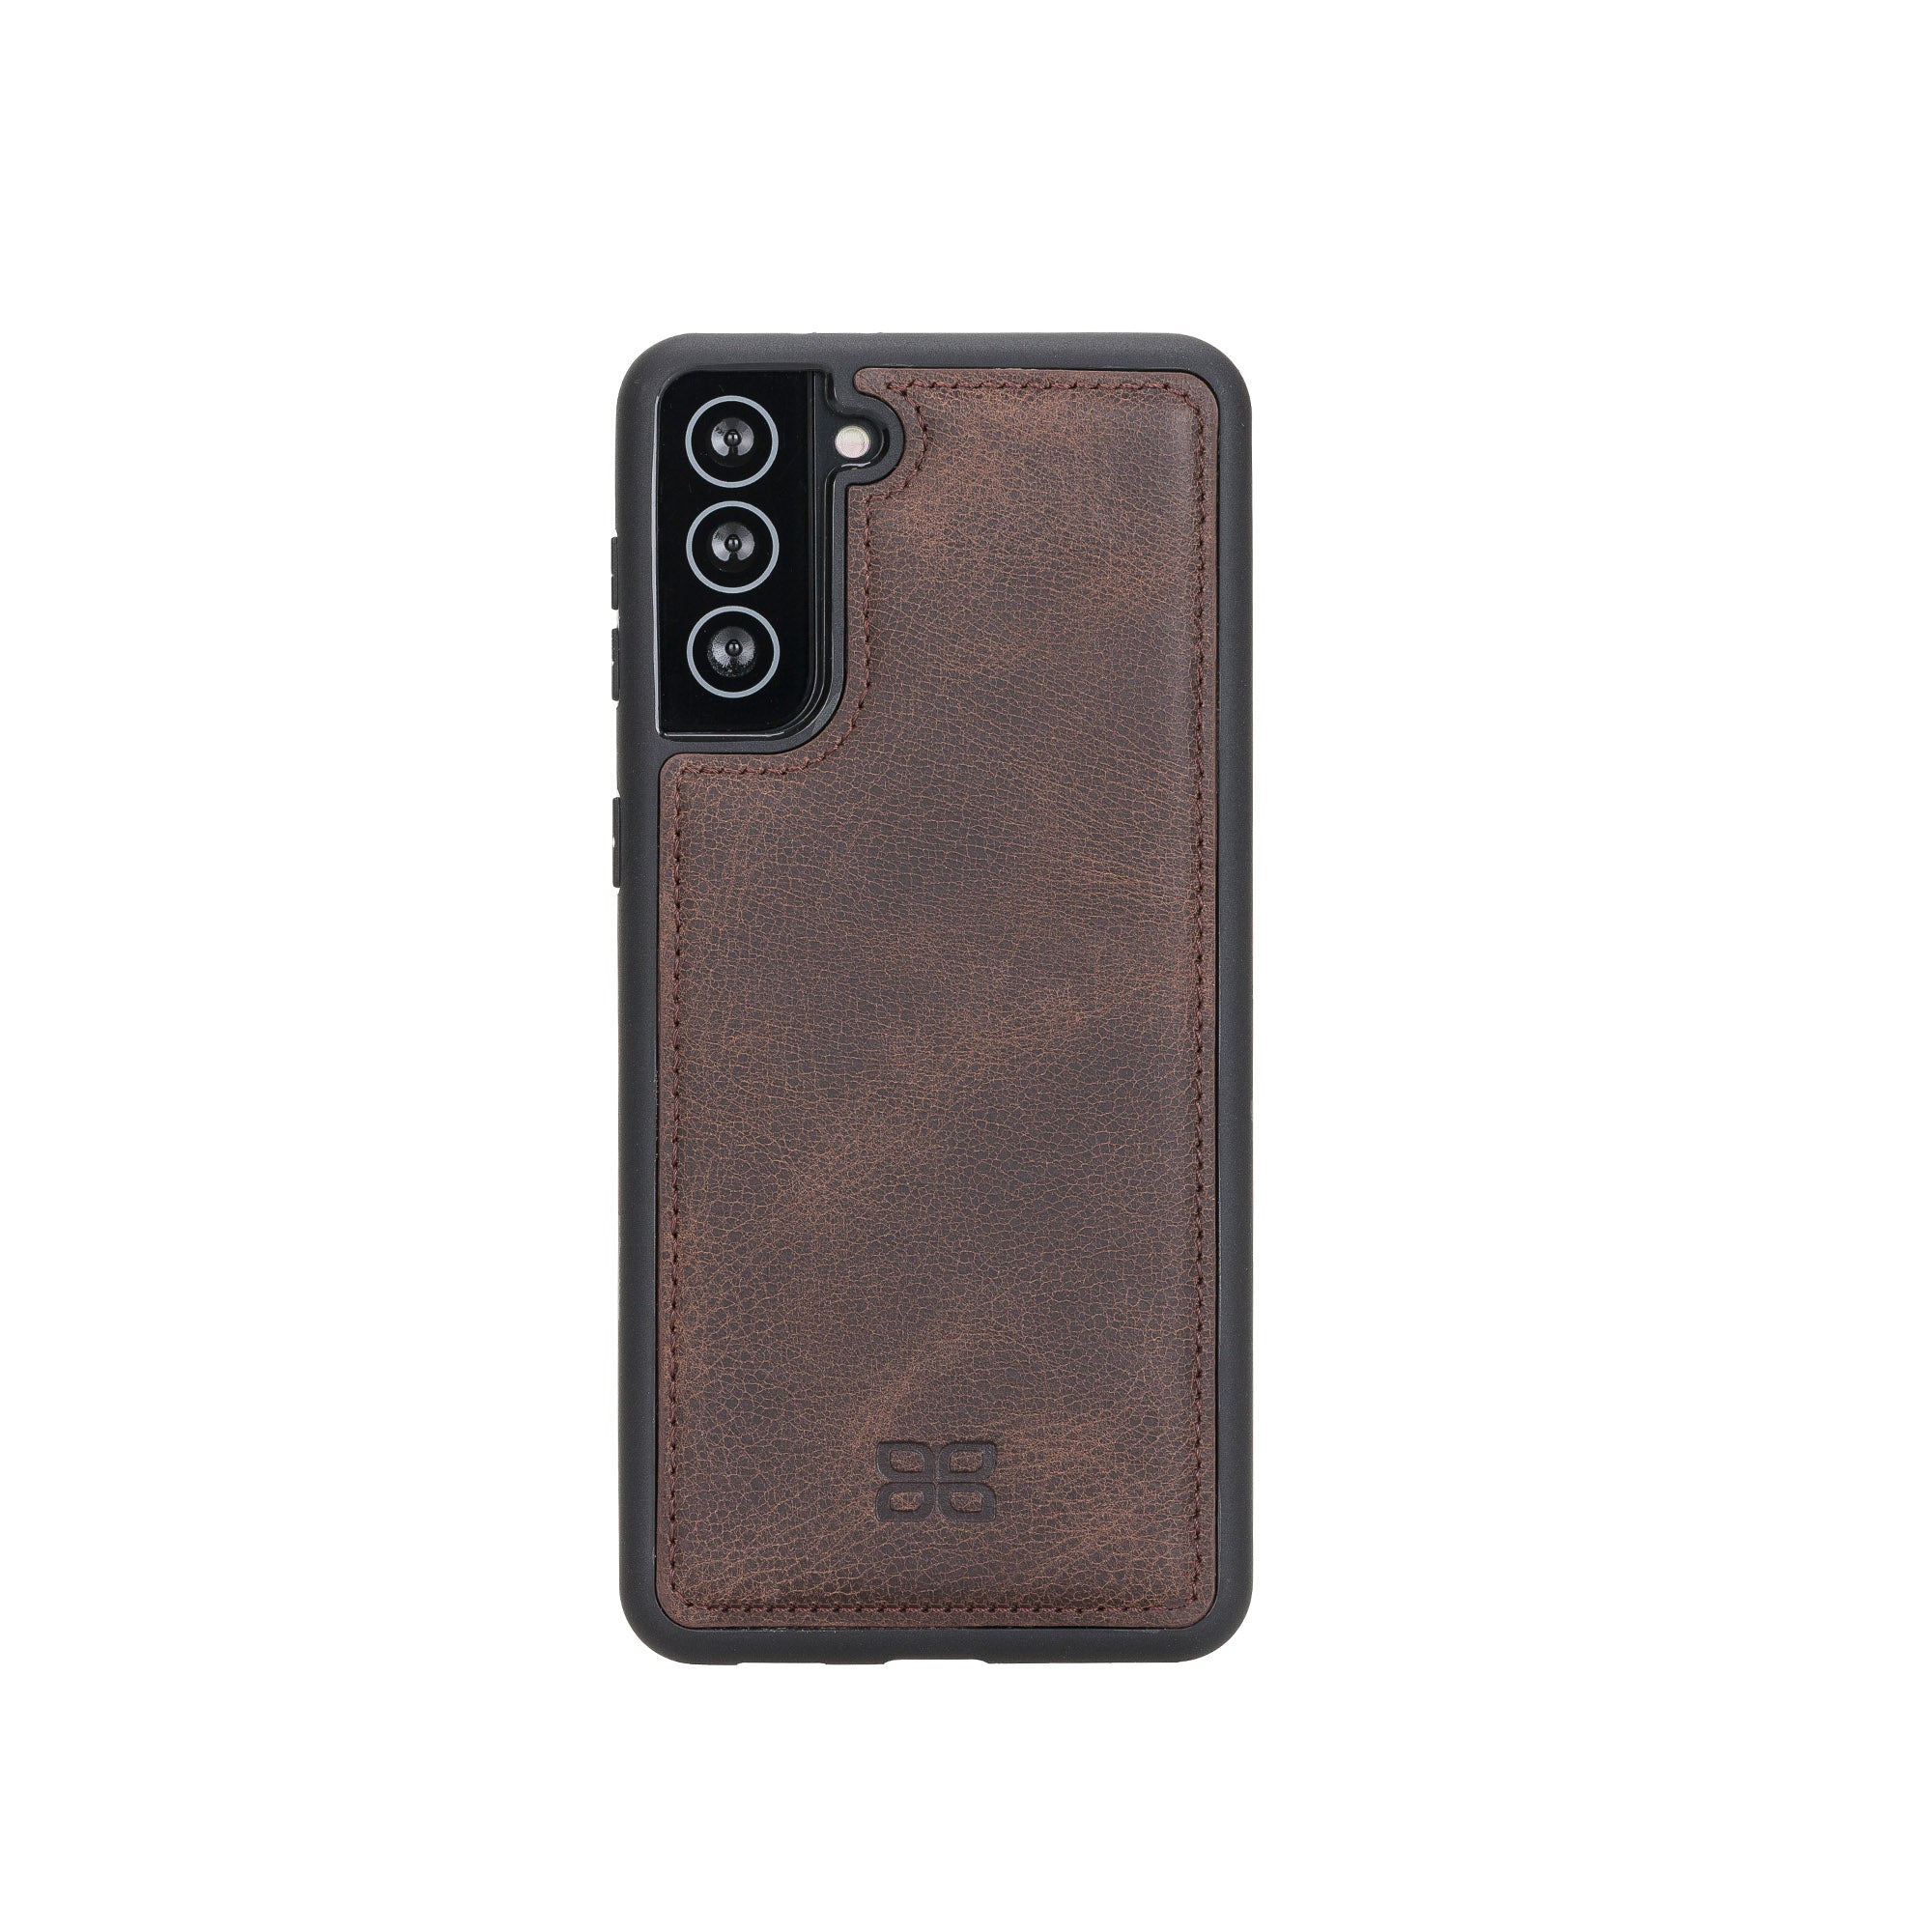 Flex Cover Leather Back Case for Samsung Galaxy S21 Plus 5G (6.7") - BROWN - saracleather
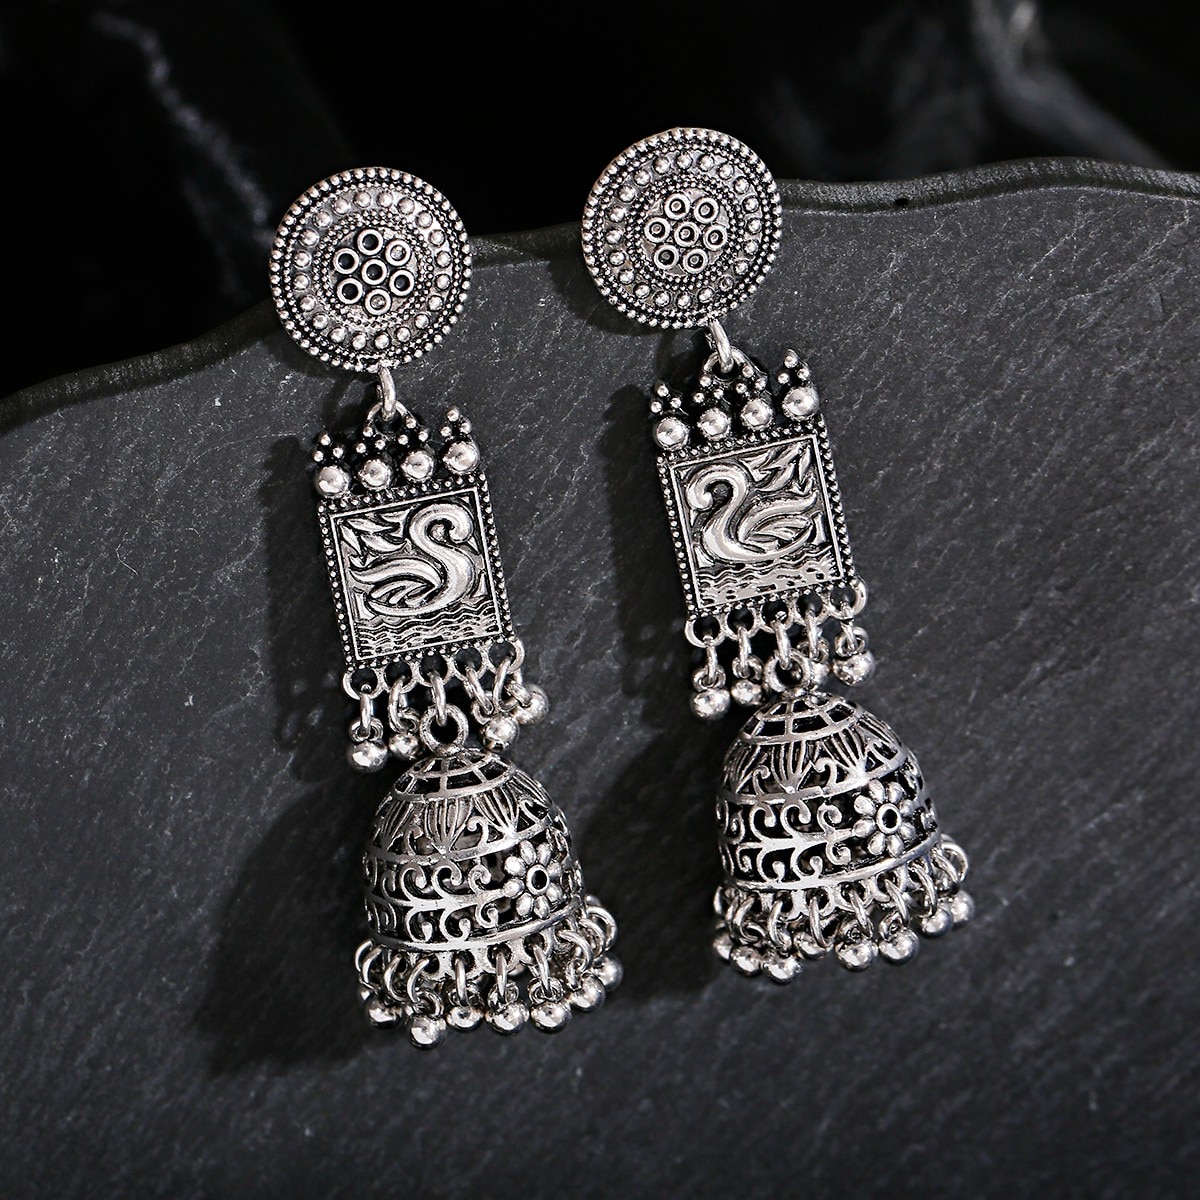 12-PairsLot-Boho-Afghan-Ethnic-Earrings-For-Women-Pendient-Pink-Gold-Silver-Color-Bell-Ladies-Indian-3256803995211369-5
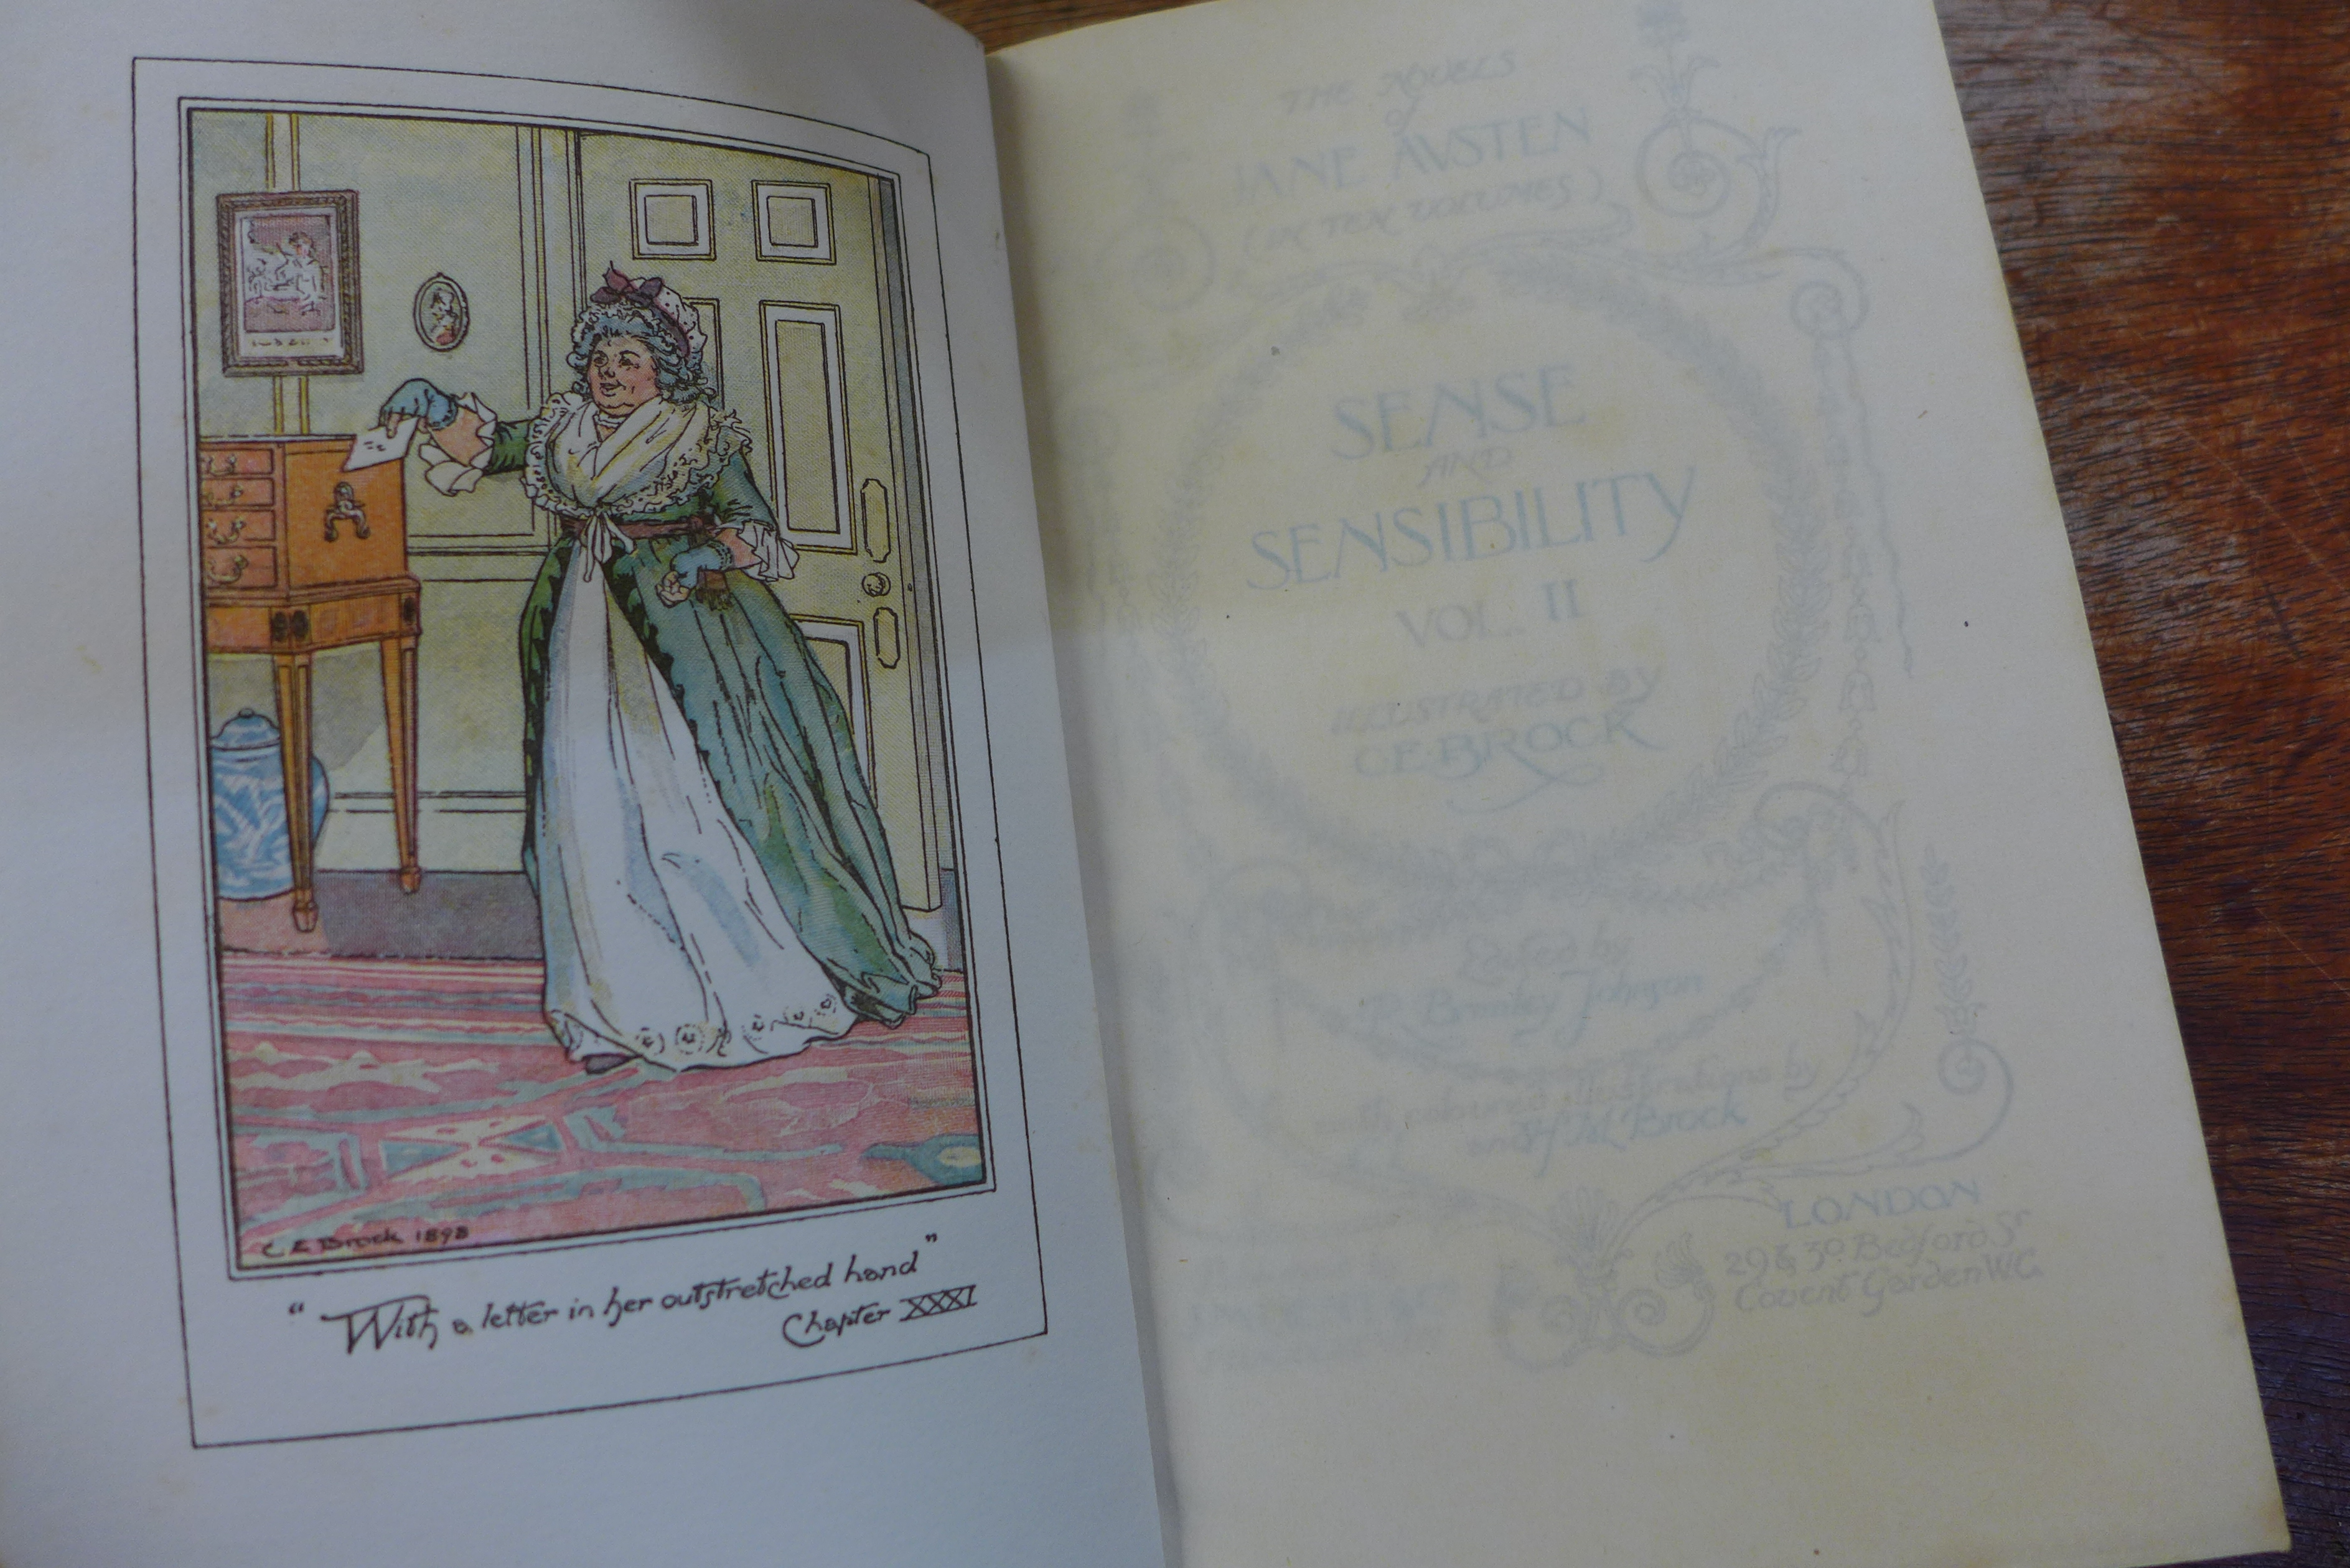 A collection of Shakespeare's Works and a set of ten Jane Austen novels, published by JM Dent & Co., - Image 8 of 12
====================
Work task>
Output the material word for word, and keep the pictures out.

Your response>
 Flex Cover Leather Back Case for Samsung Galaxy S21 Plus 5G (6.7") - BROWN - saracleather
 12-PairsLot-Boho-Afghan-Ethnic-Earrings-For-Women-Pendient-Pink-Gold-Silver-Color-Bell-Ladies-Indian-3256803995211369-5
 A collection of Shakespeare's Works and a set of ten Jane Austen novels, published by JM Dent & Co., - Image 8 of 12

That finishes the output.